Prior to Walmart.com, Kerry ran retail and planning for the Dockers® brand at Levi Strauss & Co. She began her career at McKinsey & Company and worked in venture capital and enterprise software before discovering her love of consumer businesses. Kerry has an undergraduate degree in mechanical engineering from the University of Texas at Austin and an MBA from Harvard.

How has your life experience made you the leader you are today?
I started working very young and have had a varied career -- from working in a chemical plant in Northeast Texas to the North Slope of Alaska to supply chain in Taiwan to e-commerce in roles from planning to merchandise to operations to marketing to finance. Building a broad base of expertise and pursuing as many opportunities as I can has been the key to creating my career. It's also afforded me the pleasure of working for and learning from many great leaders. I think leadership is about being authentic, a servant leader who helps build teams and community. Starting my professional career at McKinsey was a great first step. Their value of having the obligation to dissent was freeing to me and helped me ensure I always have an opinion and am comfortable speaking it. It also threw me into many different industries and situations and gave me a great foundation to connect the dots in other industries. I have a favorite Gilda Radner quote: "Some stories don't have a clear beginning, middle and end. Life is about not knowing, having to change, taking the moment and making the best of it, without knowing what's going to happen next."

I have realized how small the world is, living in the Bay Area for over 15 years. You realize that the people you work with will come back to you and learn to pay it forward -- help when you can. You'll never know when it comes back. Also, as a wife and mom to two kids, two dogs and two cats, I appreciate balance and know that every dollar matters and utilities are a big part of our living expenses -- my work and personal experiences allowed me to see the opportunities available to empower consumers in this space.
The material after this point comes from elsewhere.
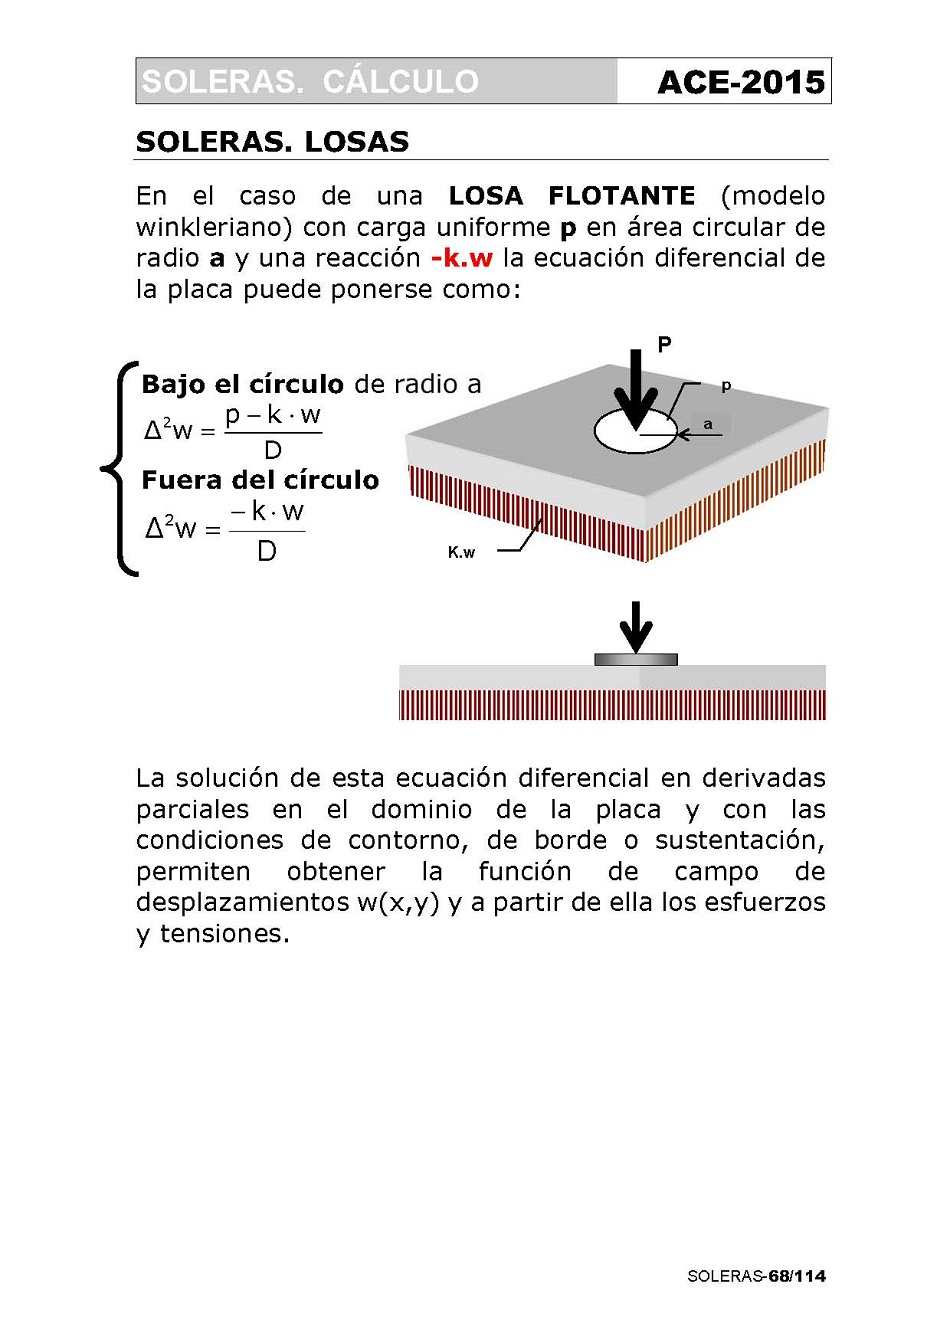 Cálculo de Soleras de Hormigón. Página 68

How will your previous employment experience aide your position at Choose Energy?
In some ways, my e-commerce and apparel background seem a stretch to move over to the energy industry! But in other ways, it's quite similar. While the supply chain is quite different, the target customer is similar. The CEO of the house is Mom who makes the budget and buying decisions. She is looking for help from a trusted partner like Choose Energy and the community to make decisions that are important to the household. What I'm excited about is building a great brand and a great company. This is an industry ripe for building trust and community to make saving money and getting the right plan for our customer easier. Building brand/experiences and scaling businesses has been where I've spent much of my last 10 years.

How do you maintain a work/life balance?
I think balance requires a very clear definition of your priorities and defining success on your own terms. The question is not "can I do it all?" but "can I do what's most important to me and my family?" I have had to let go of my own expectations in some cases (I love to cook but can't cook most nights), ignore expectations others have (I can't always volunteer where I'd like to), and create balance with my husband in sharing the many, many duties of parenthood. I am blessed to be married to someone who can pick up the slack and share responsibilities. And I've gotten comfortable that it's okay if our house is messy, or as visitors describe it, "so lived in." I truly believe that as a society, we need to get comfortable accepting that being a parent shouldn't be counter to career success, male or female.

How can we encourage girls to get involved in STEM projects and industries?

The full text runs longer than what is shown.